| SUPPLIED MATERIAL |
========================================================================
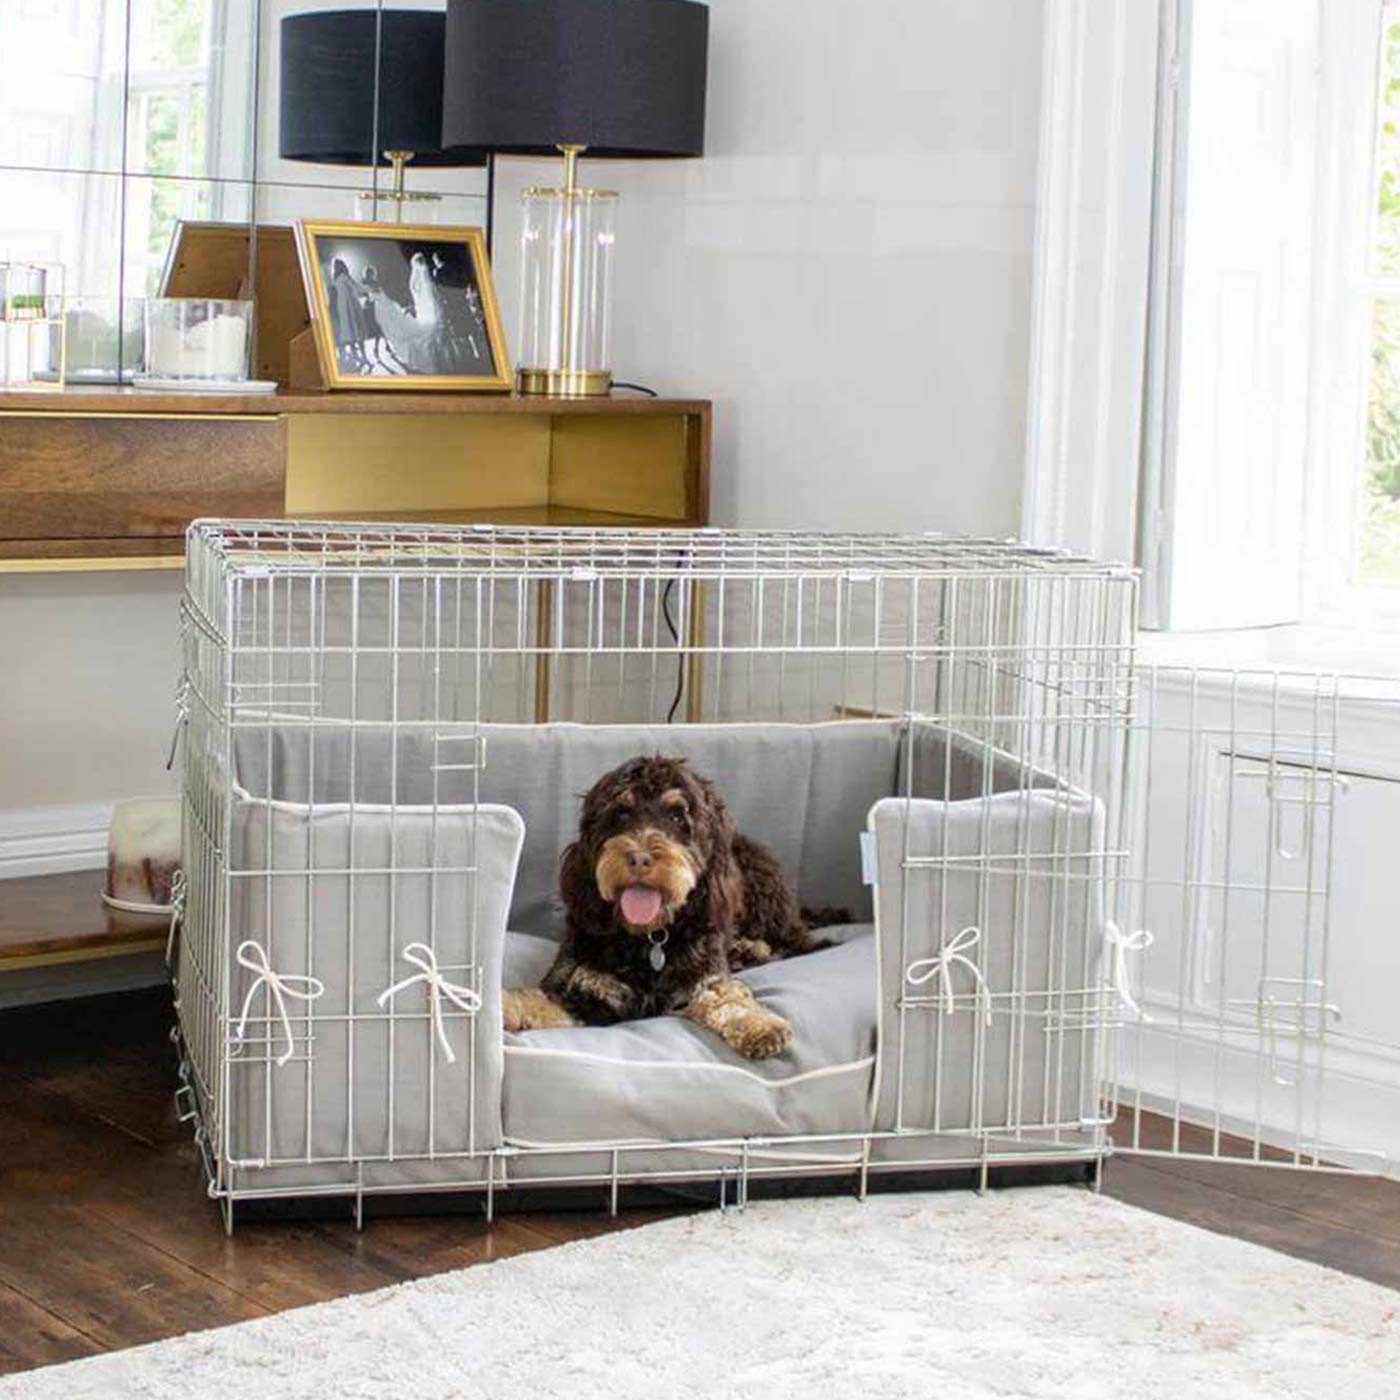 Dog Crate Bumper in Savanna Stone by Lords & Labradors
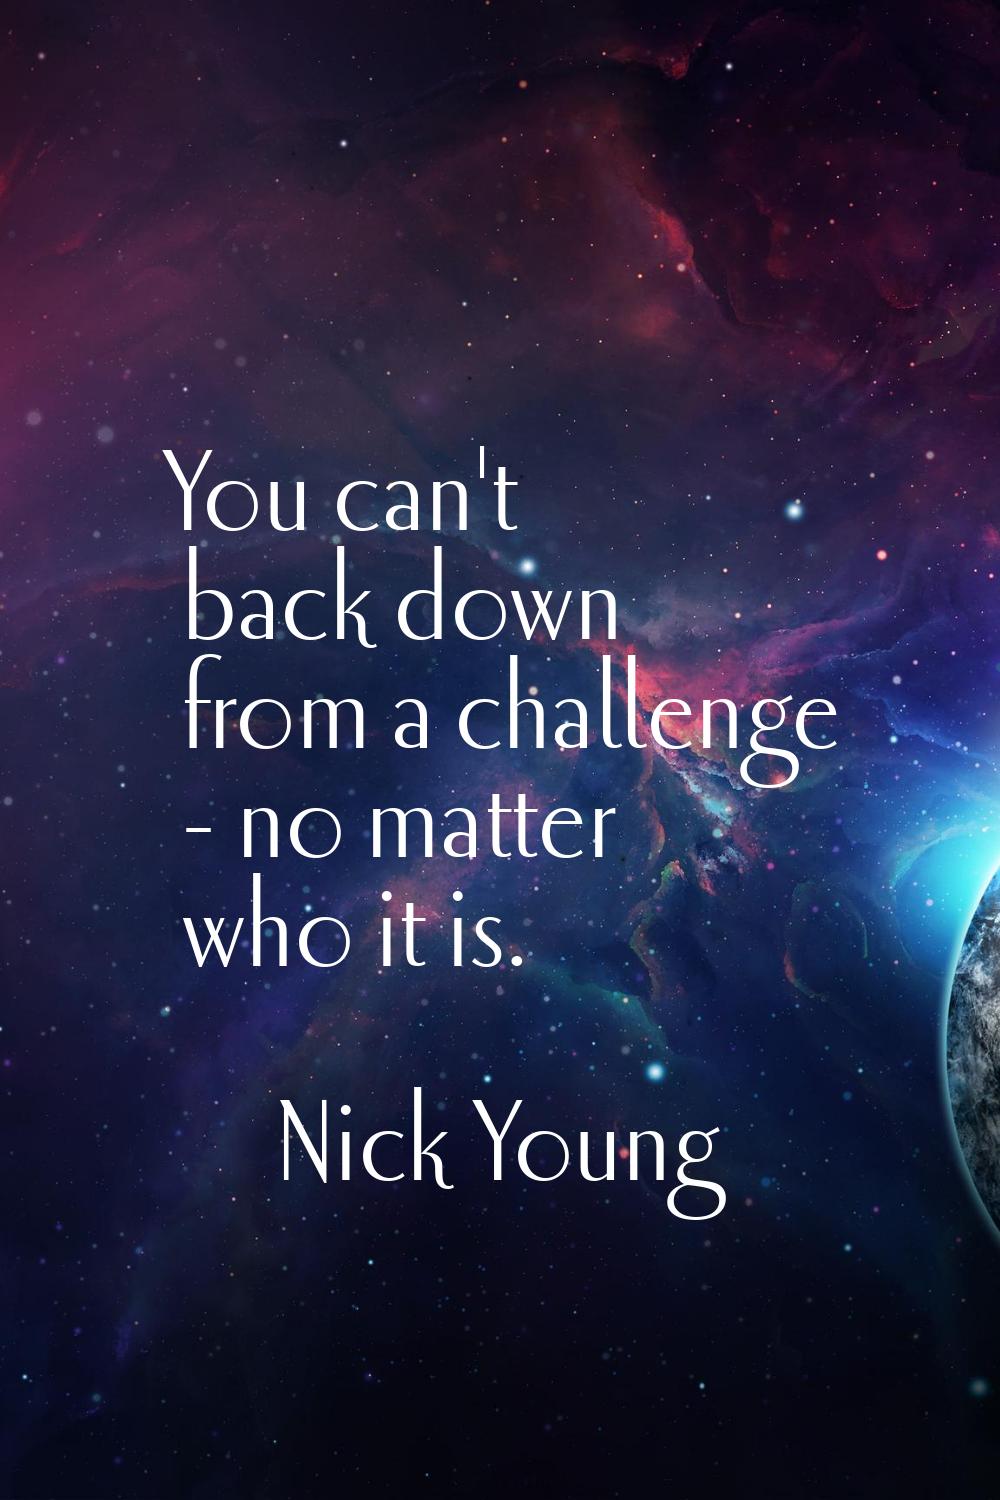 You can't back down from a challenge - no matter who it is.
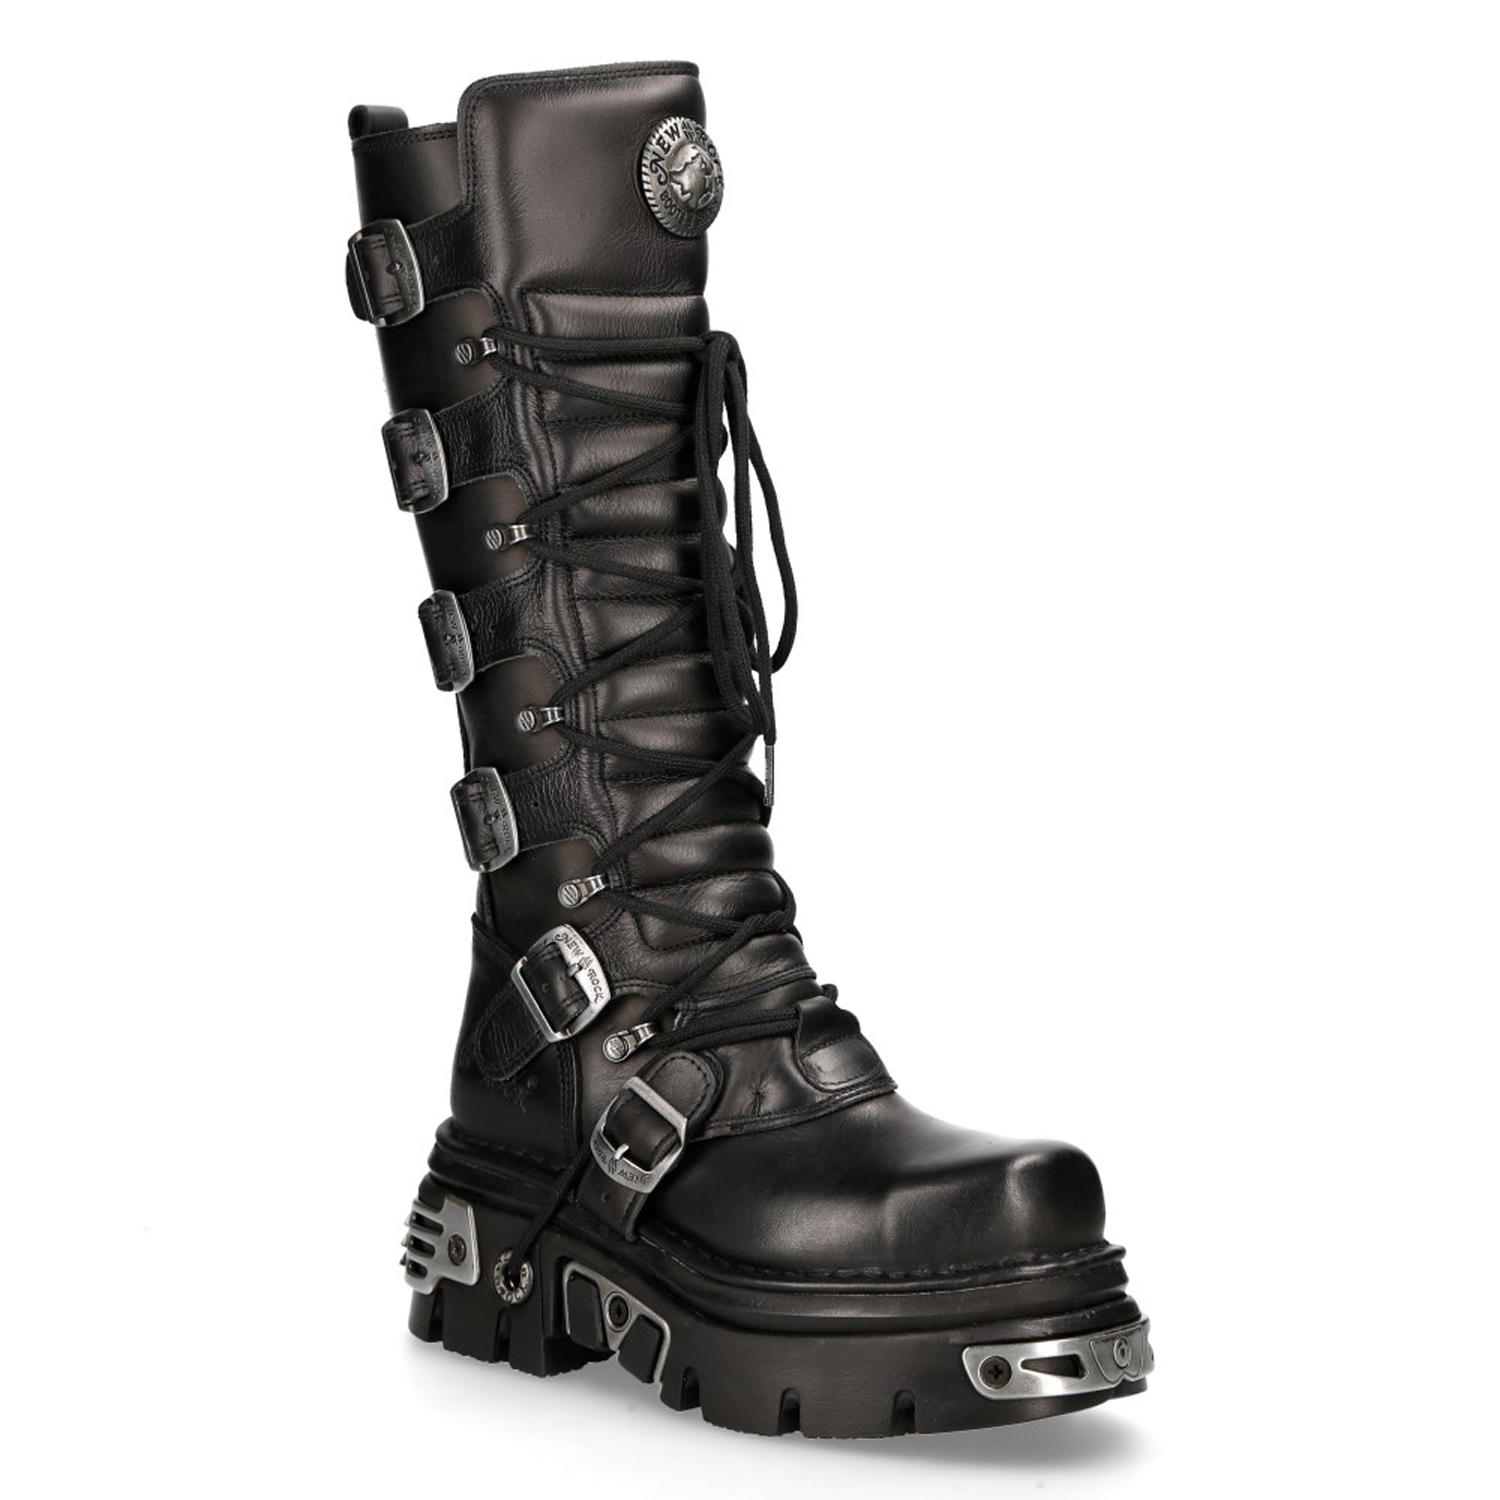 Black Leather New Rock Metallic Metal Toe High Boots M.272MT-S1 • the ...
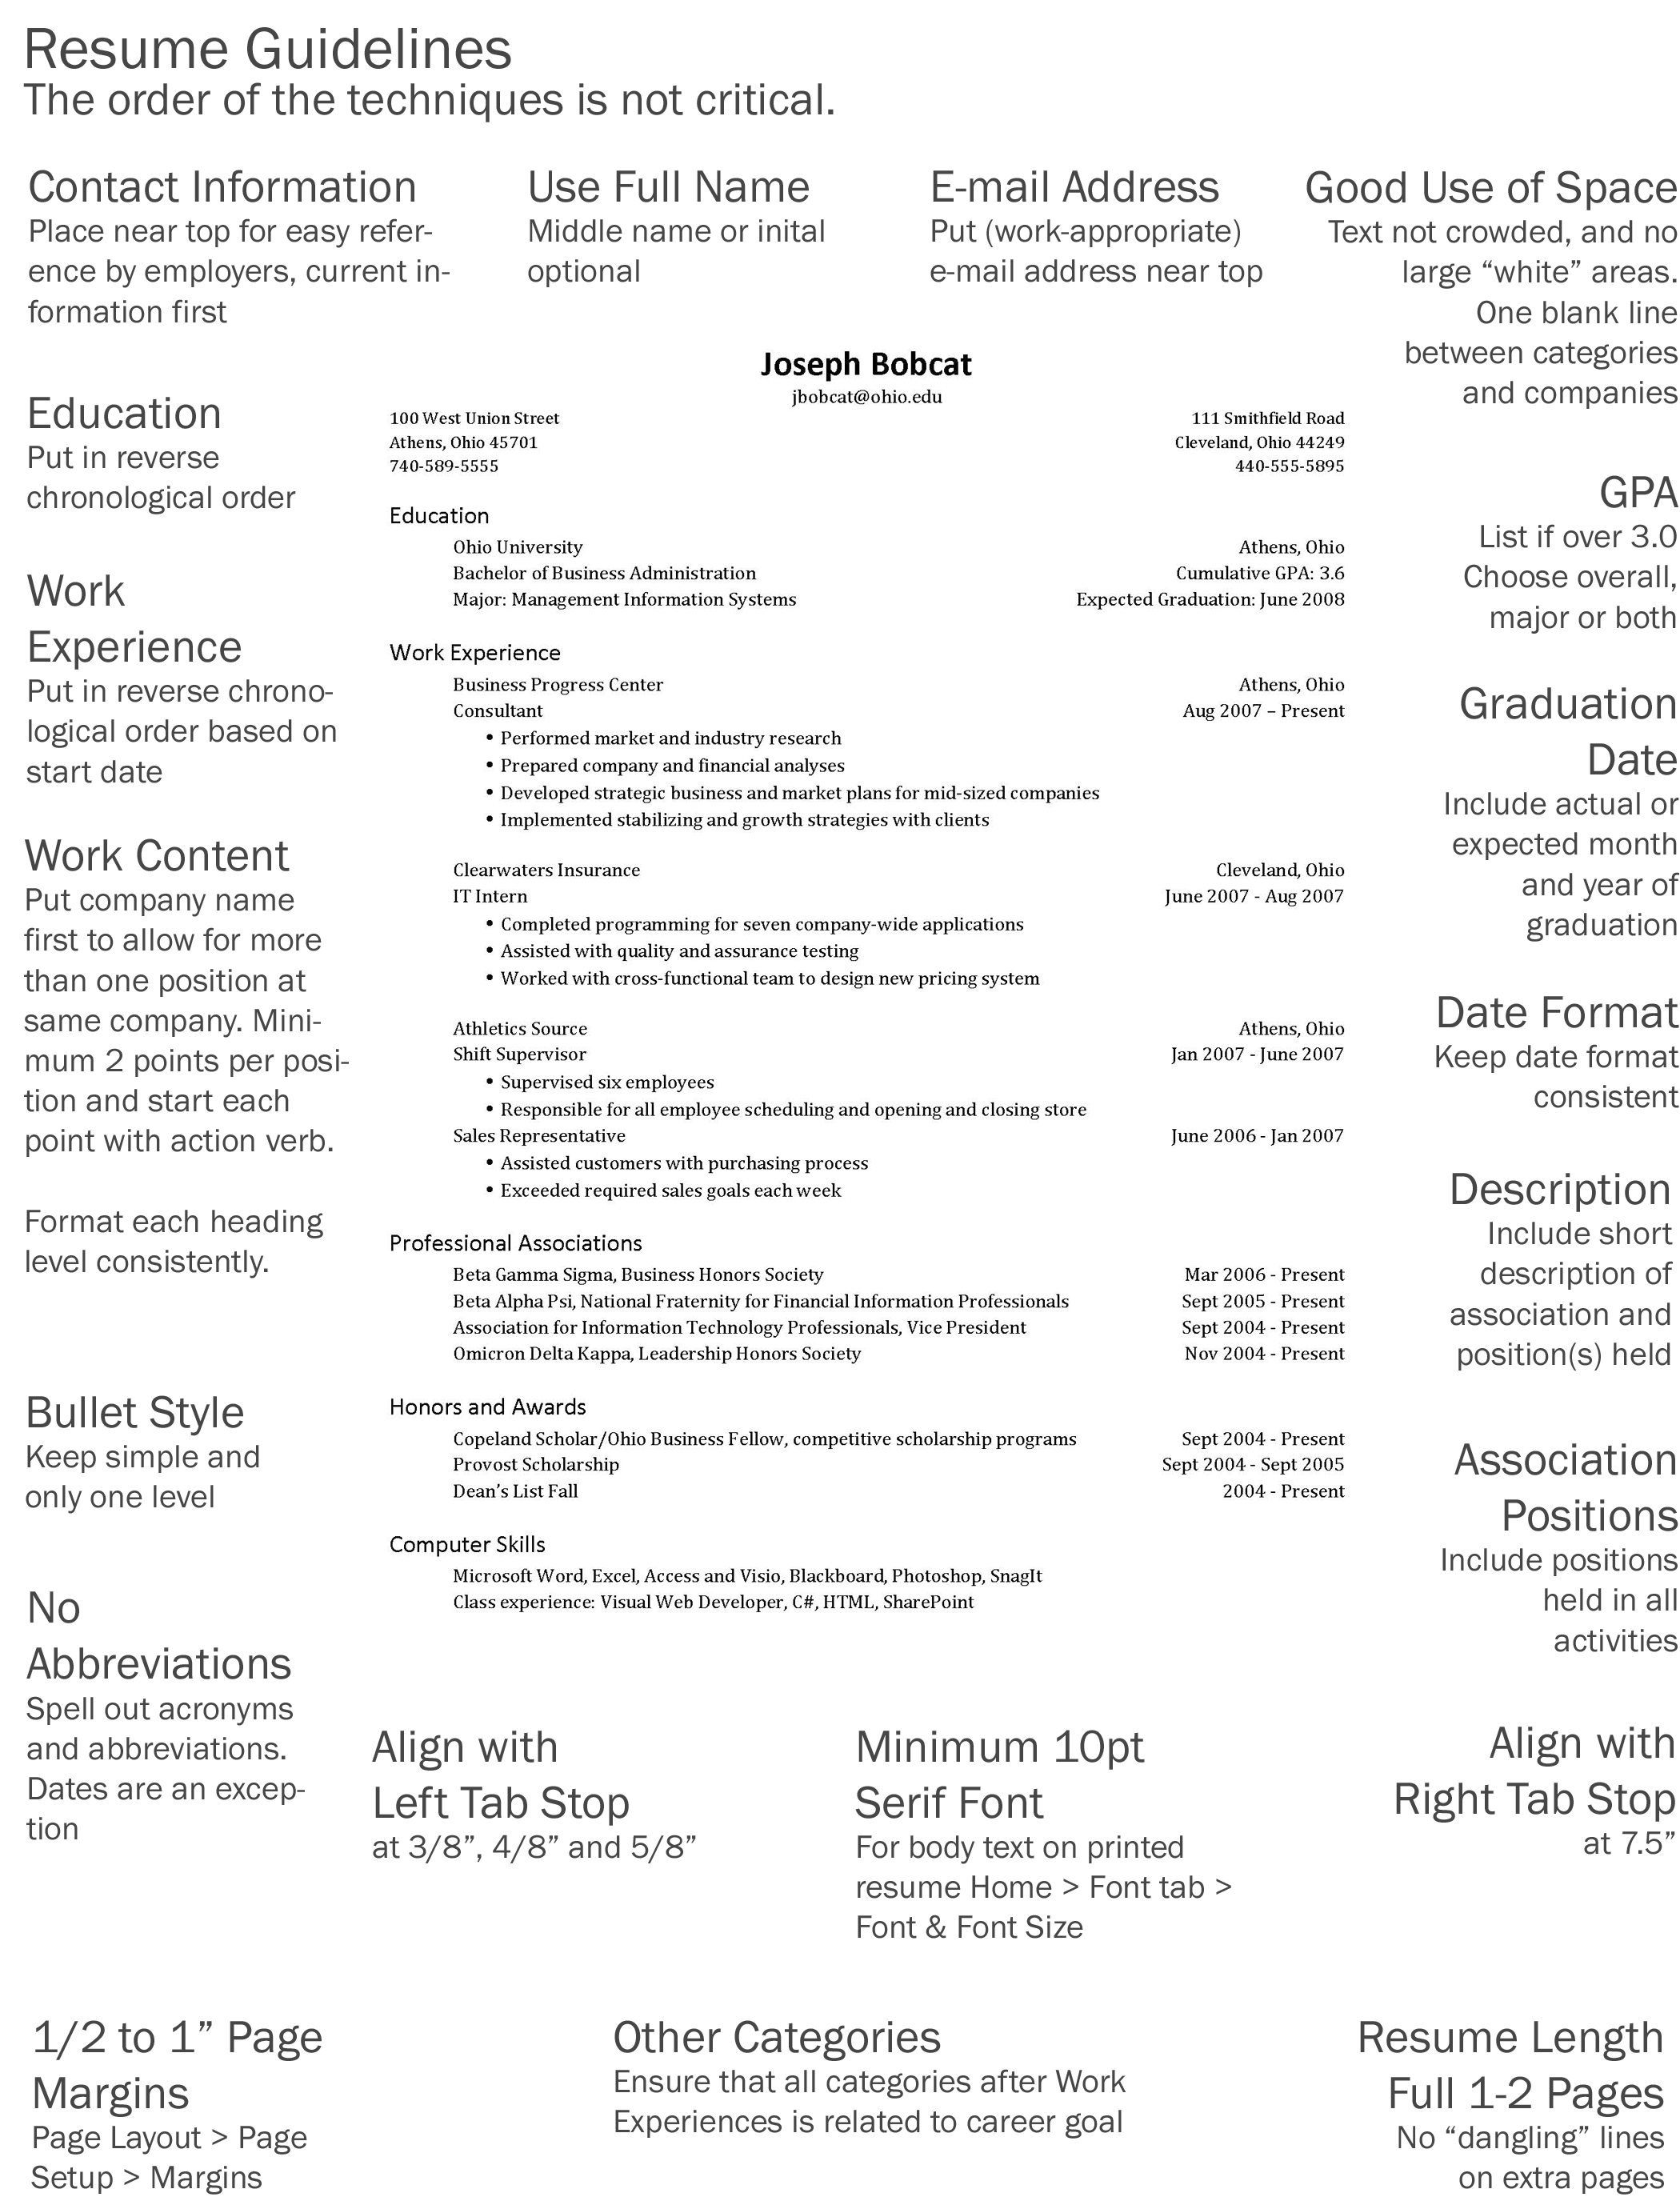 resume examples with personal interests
========================================================================
| TASK |
Restate the data above word for word, so that the only difference is the missing pictures.

| COMPLETED TASK |
 Dog Crate Bumper in Savanna Stone by Lords & Labradors
 You can't back down from a challenge - no matter who it is.
 Black Leather New Rock Metallic Metal Toe High Boots M.272MT-S1 • the ...
 resume examples with personal interests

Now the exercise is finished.